Through the bar plot, the distribution of chosen languages can be seen, such as English, Spanish, French (incl. Patois, Cajun) French Creole, and Italian. For the readability of the charts, the languages will be color-coded.
## Getting data from the 2011-2015 5-year ACS
## Downloading feature geometry from the Census website. To cache shapefiles for use in future sessions, set `options(tigris_use_cache = TRUE)`.
The data illustrates that in the Passaic county of New Jersey, the most spoken language at home was English in 2015. The second most spoken language was Spanish, followed by French, French Creole, and Italian. In order to prevent the overlapping of the data, thinner lines were utilized.
The second plot label is a histogram. Through the function
geom_histogram( ) the second plot label was created. While
“Frequency” data was plotted on the y-axis, “Population Estimate” data
was plotted on the x-axis. Additionally, “Mean Estimate” legend was
added to the right bottom of the chart.
## Warning: Using `size` aesthetic for lines was deprecated in ggplot2 3.4.0.
## ℹ Please use `linewidth` instead.
## This warning is displayed once every 8 hours.
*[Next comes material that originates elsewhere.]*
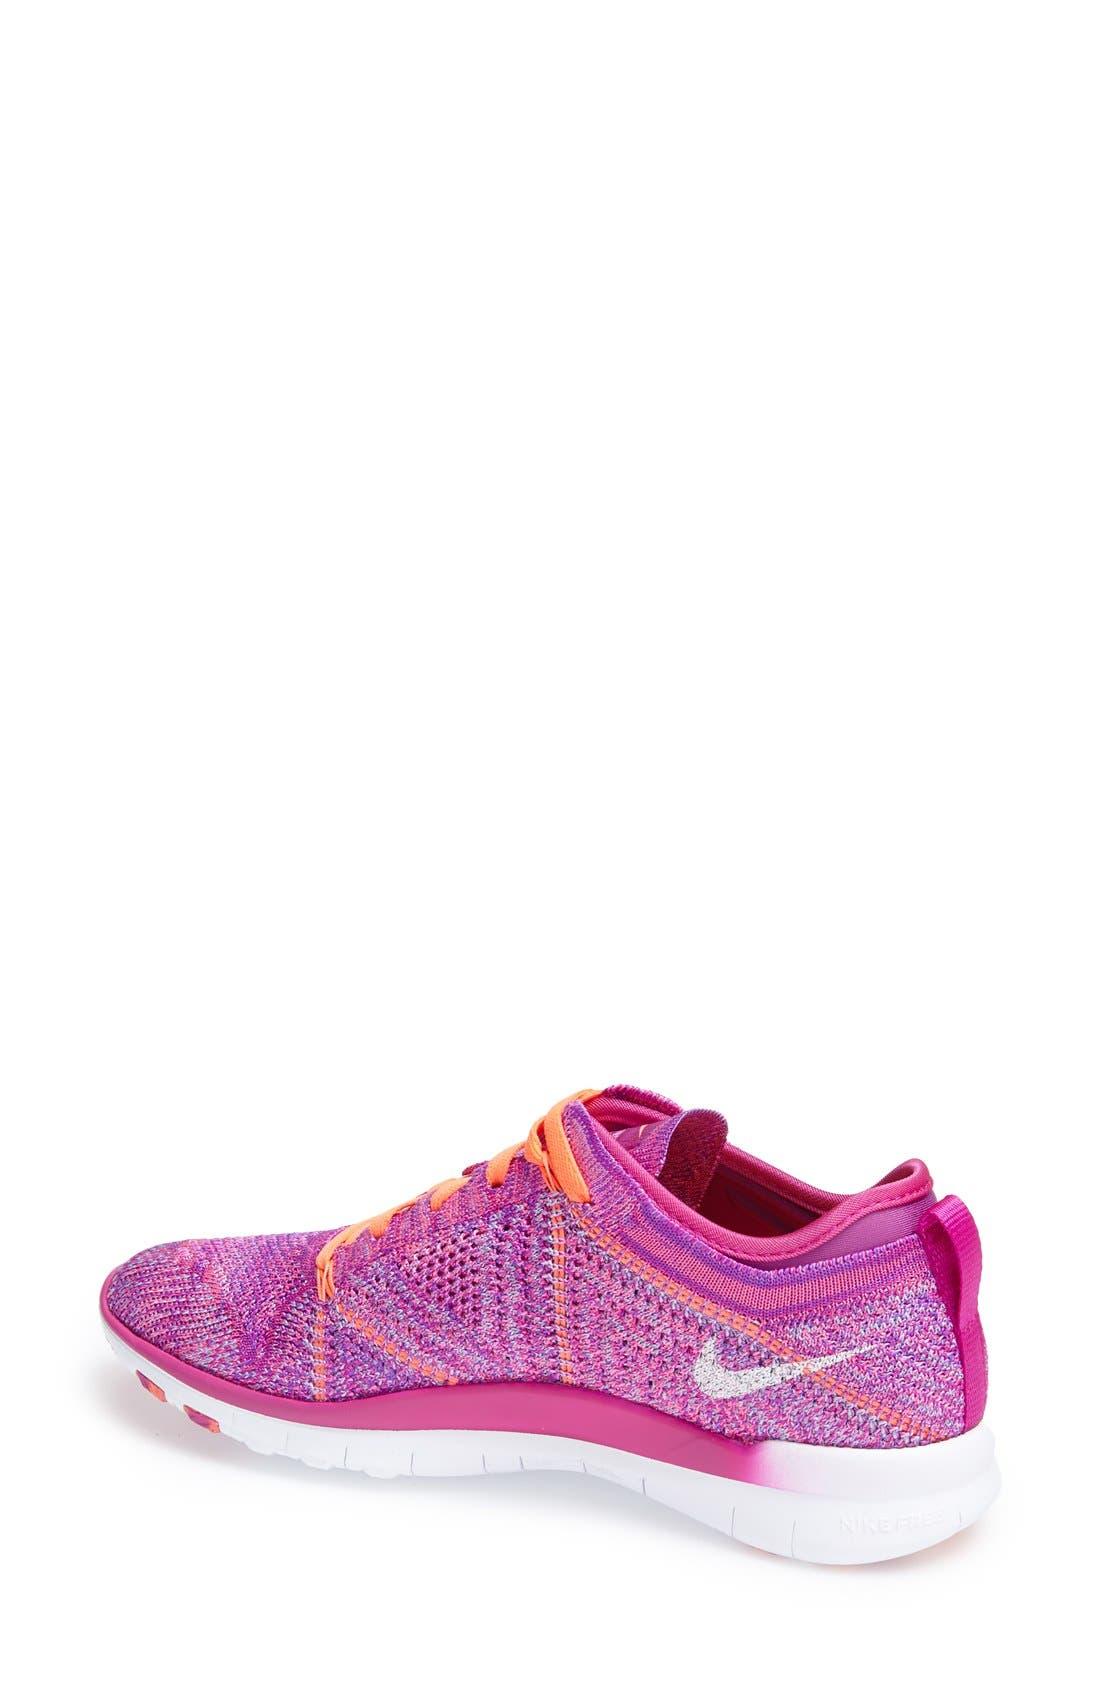 ,                             'Free Flyknit 5.0 TR' Training Shoe,                             Alternate thumbnail 42, color,                             500

## Call `lifecycle::last_lifecycle_warnings()` to see where this warning was
## generated.
The third label is a scatter plot, which was created by using the
function geom_point( ), as can be seen below. Through the
utilization of the scatter plot for the data, a cleaner visualization of
data was achieved. It is easier for the audience to see the distribution
of the languages spoken at home in Passaic County.
In order to prevent overlapping in this scatter plot, several
functions were utilized. For example, the alpha function
was used in order to adjust the transparency. Additionally, the
position_jitterdodge function was utilized to align points
generated through the geom_point( ) function.
While doing this assignment, I realized that I should not have only studied on DataCamp; I should have also studied on a different dataset while I was completing the lessons there. I realized that I was incapable of reading data and visualizing them, so I had to use my notes very often. Therefore, I will review all the notes that I took while studying on DataCamp and will try to run each code on various datasets to make sure that I actually understand and memorize what I am doing.
I also realized that I could understand the codes, which made me quite happy. Even though I still have trouble writing complex codes from scratch, it feels amazing to be able to read and understand them As programming is a ‘language’, I know that I am at the step where I say “I understand, but I can’t speak”, just like when I said while I was learning English during 5th Grade. I was sad as I thought I was not making any progress, but I was. Even though I feel like I am not making any progress right now, I know that I am and it motivates me.